The results from encoding the header and comments in a SAS program can be seen on the CodeDoc web page. See http://www.thotwave.com/products/codedoc.jsp.
CodeDoc Download Page

Comments

  • Include a comment before each major DATA/PROC step, especially when you are doing something complex or non-standard. Comments should be comprehensive, and should describe the rationale and not simply the action. For example, do not comment “Access demography data”; instead explain which data elements and why they are needed.
  • Organize the comments into a hierarchy.
  • Do not include numbers in comments.

Reason: It avoids heavy update when removing or inserting sections.

Naming Conventions

  • Use explicit and meaningful names for variables and datasets, with a maximum length of 8.
  • For permanent datasets, use a meaningful dataset label and variable labels.
  • When possible, never use the same name for a dataset more than once in the program.

Note: However, keep in mind that large intermediate files take a lot of SAS Workspace.

  • Name IN variable using “in” plus a meaningful reference to the dataset.

Example:

data aelst;   merge aesaes (in=inae) patpat (in=inpat);   by patno;   if inae and inpat;run;
  • Labels must have a maximum length of 40 characters.

Code Structure

  • It is mandatory to include libnames, options and formats in a separate setup program unless these are temporary formats or temporary options that are reset after being used.

Reason: It will guarantee that changes of the environment are taken into account in all programs run afterwards.

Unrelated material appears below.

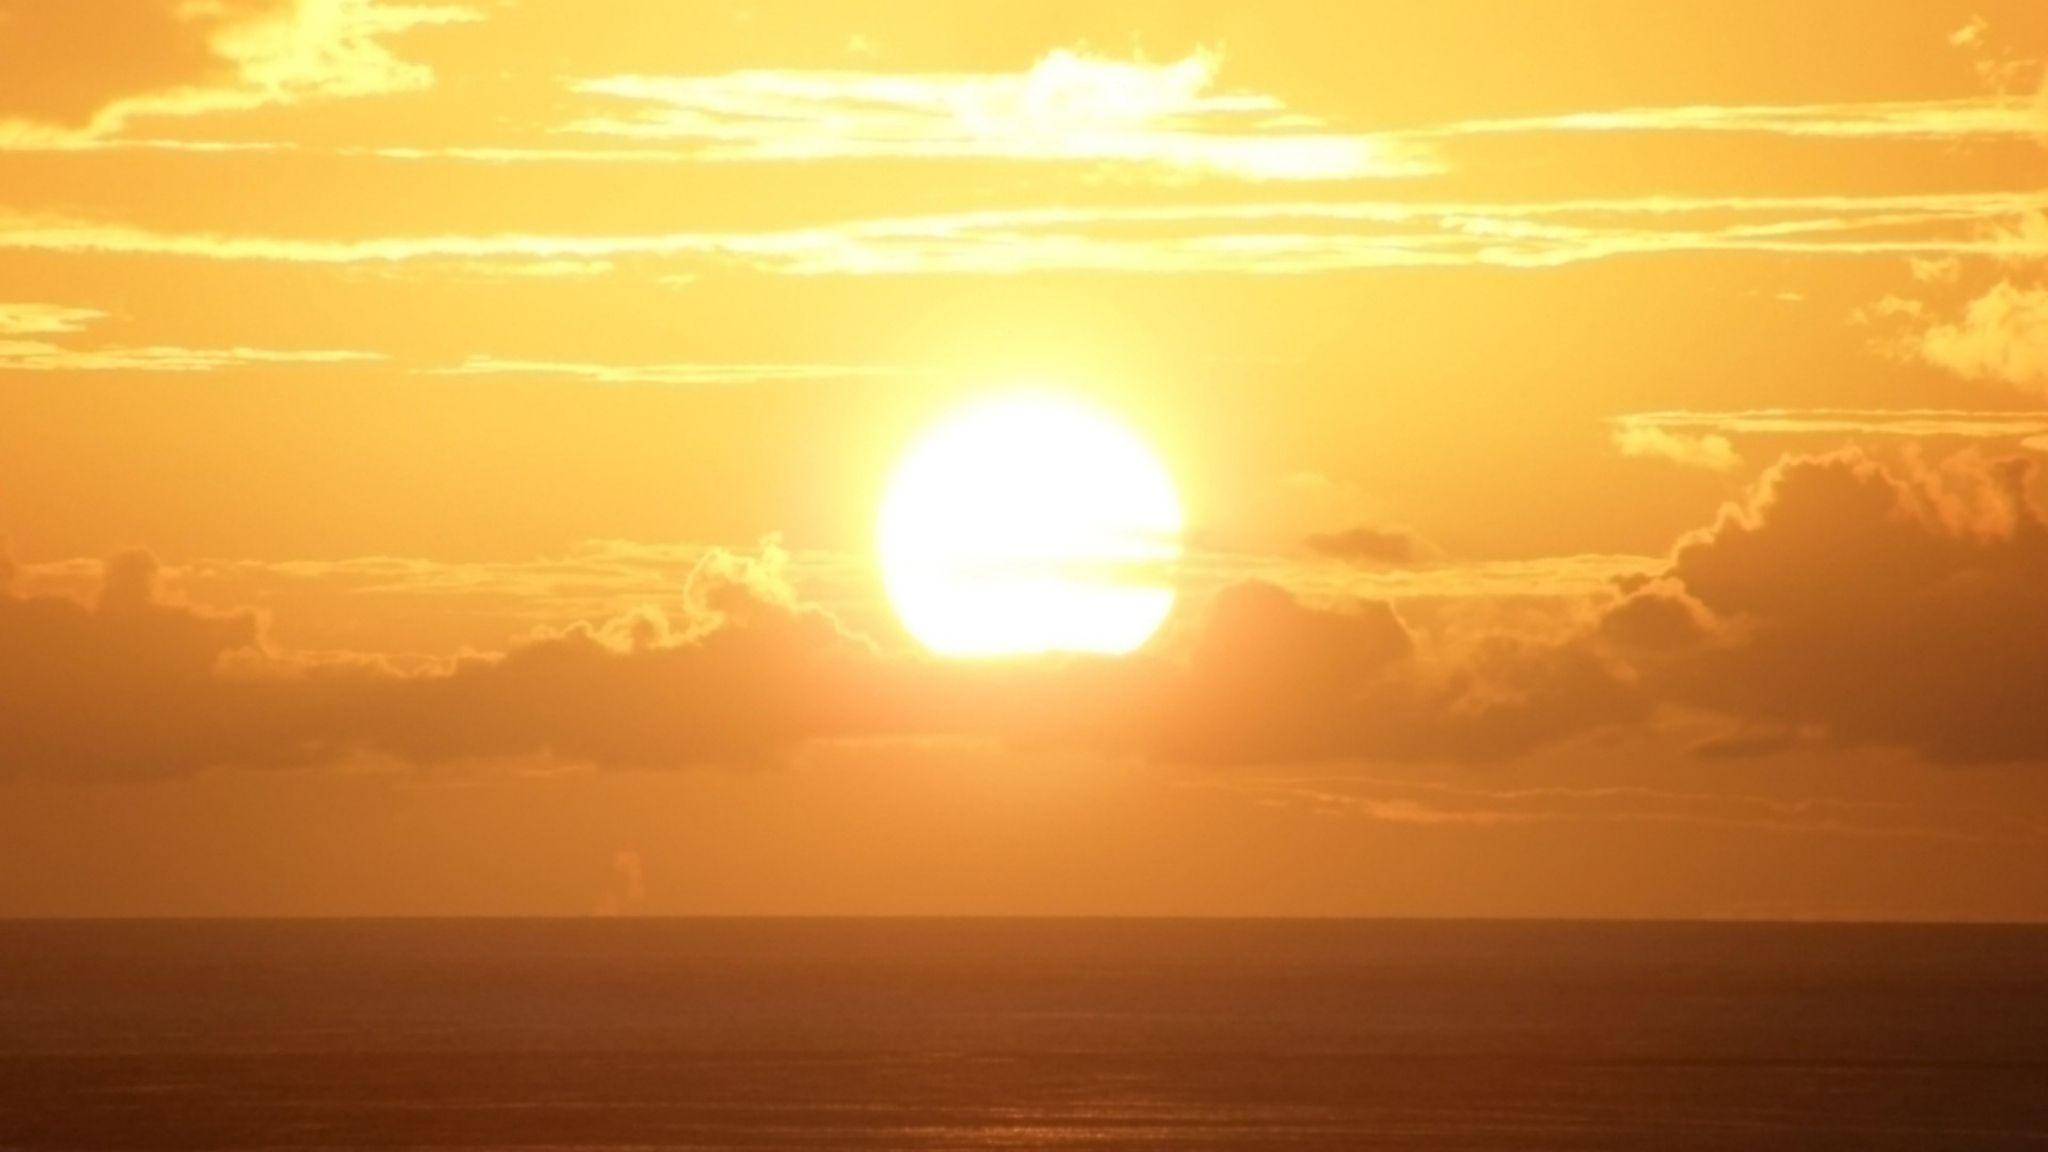 yellow sun - Pesquisa Google

  • Use standard company macros to read in libnames and settings, to write out datasets, and for standard calculating and reporting.
  • One statement per line, but several are allowed if small and repeated or related. Long statements should be split across multiple lines.
  • Control system settings to show all executed code in the log as the default, in as clear manner as possible. The log should not be so lengthy that the programmer cannot easily navigate (if so, use highly visible comments with sufficient white space). System settings should be able to be easily changed in order for a user to debug a section of code or a macro, in order to temporarily display the %included code, resolved macro names, and logic.
  • Use a standard sequence for placing statements and group like statements together.
  1. Within a program:
    1. %LET statements and macro definitions
    2. Input steps
    3. Calculations
    4. Save final (permanent) datasets and created outputs
  2. Within a DATA step:
    1. All non-executable statements first (e.g. ATTRIB, LENGTH, KEEP…)
    2. All executable statements next

Reason: It increases the readability of the program.

  • Left-justify DATA, PROC, OPTIONS statements, indent all statements within.

Example:

proc means data=osevit;   var prmres;   by prmcod treat;run;
  • End every DATA/PROC step with a left-aligned RUN statement.

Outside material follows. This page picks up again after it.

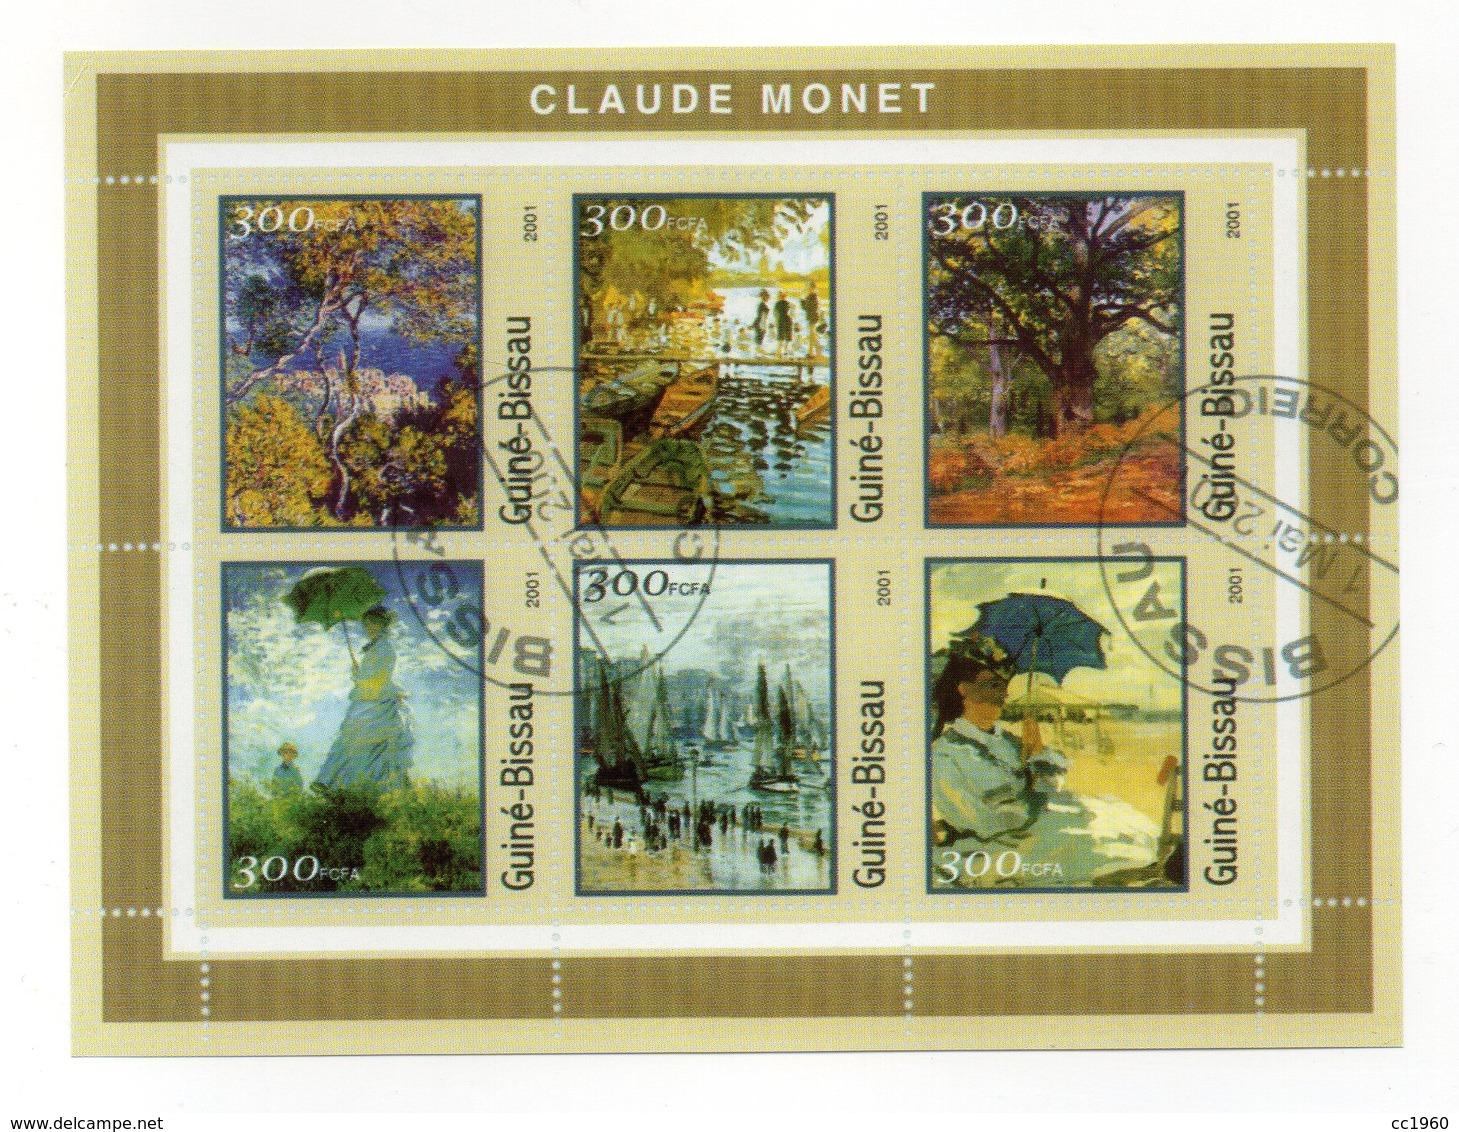 GUINEA BISSAU - 2001 - Foglietto Tematica  Arte - Claude Monet - 6 Valori - Con Doppio Annullo - (FDC13555) - Guinea-Bissau

Reason: It explicitly defines the step boundary.

  • Insert at least one blank line after each RUN statement in DATA/PROC steps.
  • Indent statements within a DO loop, align END with DO.
  • Avoid having too many nested DO loop and IF-ELSE statements.
  • In case of interlinked DO loop, add a comment at the start (DO) and end (END) of each loop.

Example:

data test01;  do patno=1 to 40; * cycle thru patients;    do visit=1 to 3; * cycle thru visits;      output;     end; * cycle thru visits;  end; * cycle thru patients;run;
  • Insert parentheses in meaningful places in order to clarify the sequence in which mathematical or logical operations are performed.

Example:

data test02;  set test01;  if (visit=0  and vdate lt adate1)   or (visit=99 and vdate gt adate2) then delete;run;

Style conventions

Draft section : this may not be specific to clinical programming, but may be of use when considering a general standard for sharing programs.

Use of analysis datasets

For discussion of why programming output directly from raw data is generally avoided.

Efficiency

  • When you input or output a SAS dataset, use a KEEP (preferred to DROP) statement to keep only the needed variables.

Reason: The SAS system loads only the specified variables into the Program Data Vector, eliminating all other variables from being loaded.

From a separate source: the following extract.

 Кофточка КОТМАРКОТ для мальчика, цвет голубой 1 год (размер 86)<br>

  • When subsetting a SAS dataset, use a WHERE statement rather than IF, if possible.

Reason: WHERE subsets the data before entering it into the Program Data Vector, whereas IF subsets the data after inputting the entire dataset.

  • When using IF condition, use IF/ELSE for mutually exclusive conditions, and check the most likely condition first.

Reason: The ELSE/IF will check only those observations that fail the first IF condition. With the IF/IF, all observations will be checked twice. Also, consider the use of a SELECT statement instead of IF/ELSE, as it may be more readable.

  • Avoid unnecessary sorting. CLASS statement can be used in some procedure to perform by-group processing without sorting the data.

Example:

proc means data=osevit;  var prmres;  class treat;run;
  • If possible (i.e. not a sorting variable), use character values for categorical variables or flags instead of numeric values.

Reason: It saves space. A character “1” uses one byte (if length is set to one), whereas a numeric 1 uses eight bytes.

  • Use the LENGTH statement to reduce variable size.

Reason: Storage space can be reduced significantly.
Note: Keep in mind that a too limited variable length could reduce the robustness of the code (lead to truncation with different sets of data).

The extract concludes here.